10/31/2011

Pharmaceutical Companies Price Discriminate Too

Price discrimination is a very common type of pricing strategy engaged in by those businesses who have any control over their pricing, which includes most of them. "Price discrimination is a policy where a seller sets different incremental margings on various units of the same or similar prudcut. " (Managerial Economics, 3rd Edition, 2007. Png & Lehman. Pg 231.)

Pharmaceutical companies are no different in that the firm's profits are generally the main motivating factor behind pricing decisions. If pharmaceutical companies were not able to engage in price discrimination, who knows what potential life-saving medicines may never actually make it to market. Pharmaceutical companies, by the very nature of their business, have much higher R&D expenses, and as such, have price structures set well before a medicine makes its way to the pharmacy or store shelves.

The article, Pharmaceutical Price Discrimination and Social Welfare, http://www.bepress.com/cas/vol5/iss1/art2/, authored by Frank Lichtenberg, pointed out that people in the lowest income bracket pay 25% less than high income people. However, people in the middle income bracket pay 6% more than those same high income people. This should be an area of concern for regulators, or someone, in my opinion, as the middle income bracket appears to be bearing the higher burden. I will admit though, that I am very biased on this matter as I have a young daughter with major health issues. The most recent medicine the neurologist started her on comes with a jaw-dropping invoice each month. The pharmaceutical companies charge it because they can. Plain and simple. That does not make it right or fair, obviously, but how often in life is everything fair? I would pay whatever I was invoiced, as I have placed the opportunity costs of not having my daughter in my life as much, MUCH higher than the money that may or may not be residing in my pocket book.

The ability of these firms to price discriminate increases the chances that more medicines have a chance to make it to market, which will hopefully save or improve more lives, including my daughters. If these firms were regulated as to what "had" to be charged, the R&D process might be halted too soon for any benefit to ever be realized.

6 comments:

Kevin said...

It makes logical sense that in any market where competition exists, there should be price discrimination. Pharmaceutical products tend to be very unfavorable as far as affordability for the average consumer, so I am with you on that one. I also agree that R&D eats a large portion of the costs, but where would we be without such costs? Yes price discrimination is present in the pharmaceutical world, but I want to play devil's advocate here. How much profit is disguised in the price? In other words, are the prices of most pharmaceuticals inflated in such a way that the companies can look like the good guys by offering discounts and such while still being the benefactors of large profit margins? Just an objective thought.

Dr. Tufte said...

I like both the post and comment.

I'd add that price discrimination is also what's going on when U.S. pharmaceutical companies sell their drugs at different prices in different locations. Those cheap drugs are in Tijuana because they're thinking you won't make the effort to go get them, and for the most part, they're right.
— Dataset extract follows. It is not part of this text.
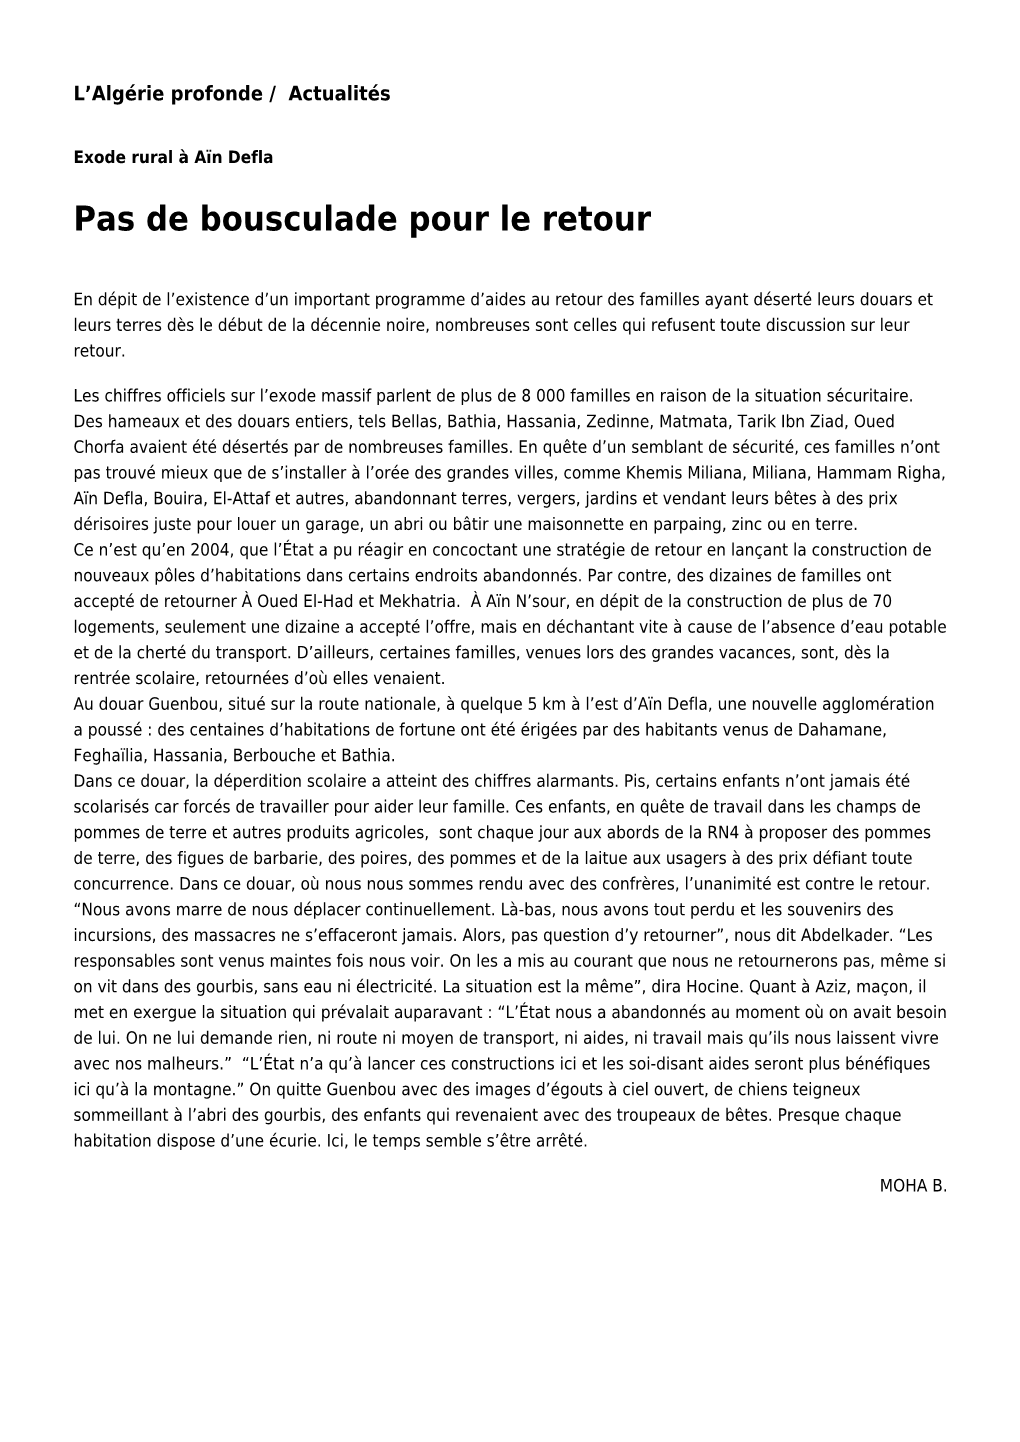 Pas De Bousculade Pour Le Retour: Toute L'actualité Sur Liberte-Algerie.Com
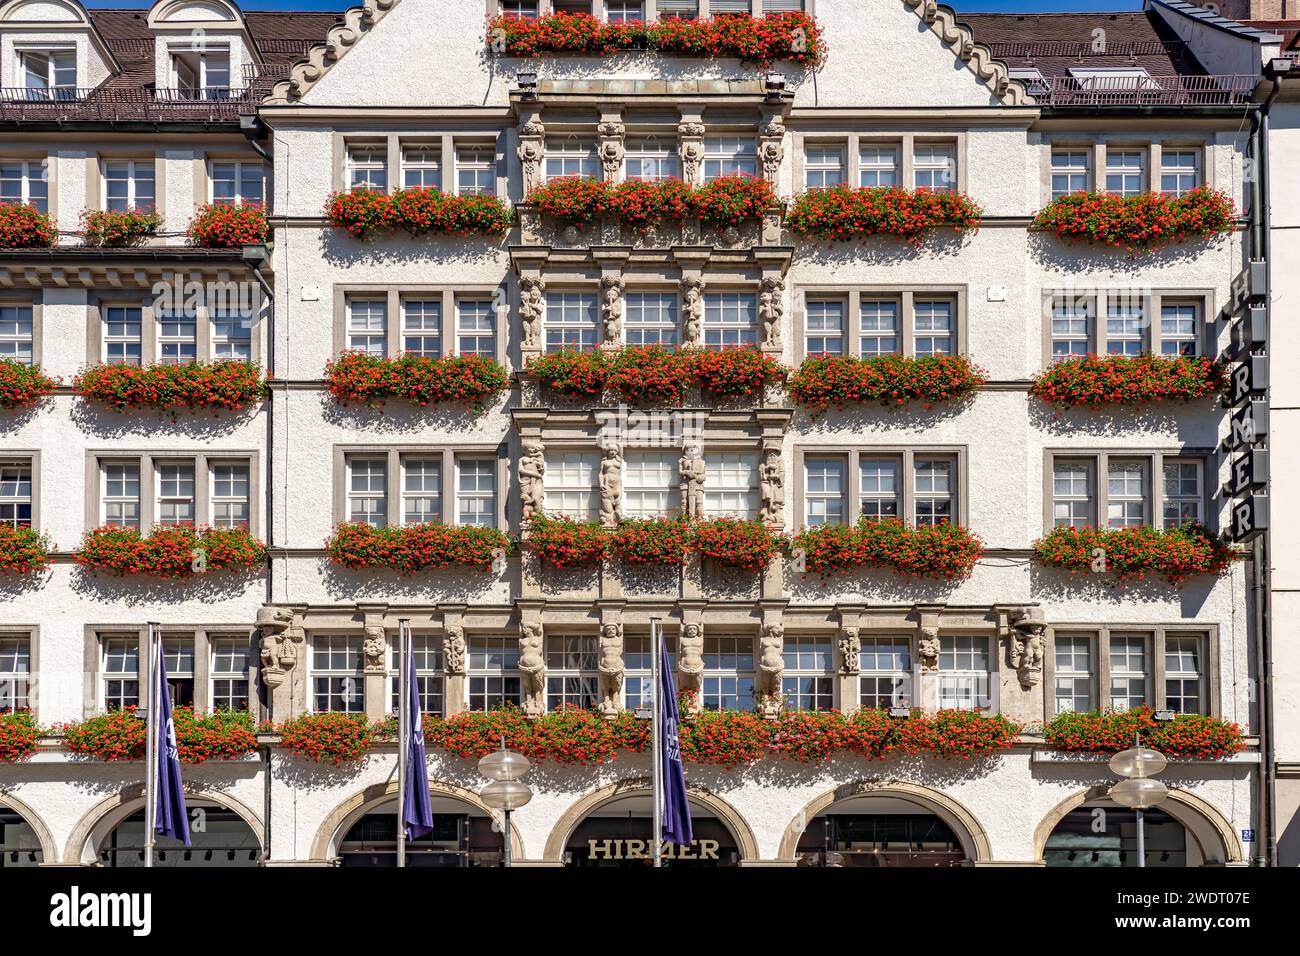 Blumenschmuck an der Fassade des Bekleidungsgeschäfts Hirmer in München, Bayern, Deutschland, Europa | Blumenschmuck des Hirmer Fashion Store Stockfoto

To counter Kevin's objective point, we should look at ROE (return on equity) for pharmaceutical firms. It's OK, but not great (and there's a lot of risk).

This makes me think that our issues with drug companies are framing effects.

Gunny said...

These companies can charge high prices because what they provide is needed and at least in the first few years there are no substitutes to the product. The thing I wanted to add is that price discrimination continues in the later years of the project when companies provide the original product as well as a generic. These products are usually offered at different prices and would therefore constitute as price discrimination.

Dr. Tufte said...

The phrase "what they provide is needed" means their demand is inelastic, and the phrase "there are no substitutes" means they can exercise monopoly power. The latter means their markup will be non-zero, and the former means it will be big.

Xavier said...

If a pharmaceutical company can exercise monopoly power, and the demand for the good is inelastic, this brings up a very interesting question -- how much can the company charge before deadweight loss occurs? As Windwalker mentioned in his original post, even though the medicine cost may be obscenely high, it still isn't high enough for Windwalker to say, "no thanks, I'm better off going without the medicine instead of paying that price."

I hadn't thought of this before now, but from the way I understand it, if the demand is a vertical straight line (completely inelastic), then there really isn't any deadweight loss. I came to this conclusion because the deadweight loss is represented by a triangle, but with the vertical demand curve, that triangle is not created.

Dr. Tufte said...

That's actually a very good point; and, like a lot of things in economics, there are two effects that you have to net out.

First, a monopoly is a more useful thing to have, and will exploit customers worse, if demand is more inelastic.

Second, the extent of the deadweight loss - that society should actually worry about - is smaller when demand is more inelastic.

The end result is that monopoly can be bad for buyers, or bad for society, but it isn't likely to be bad for both.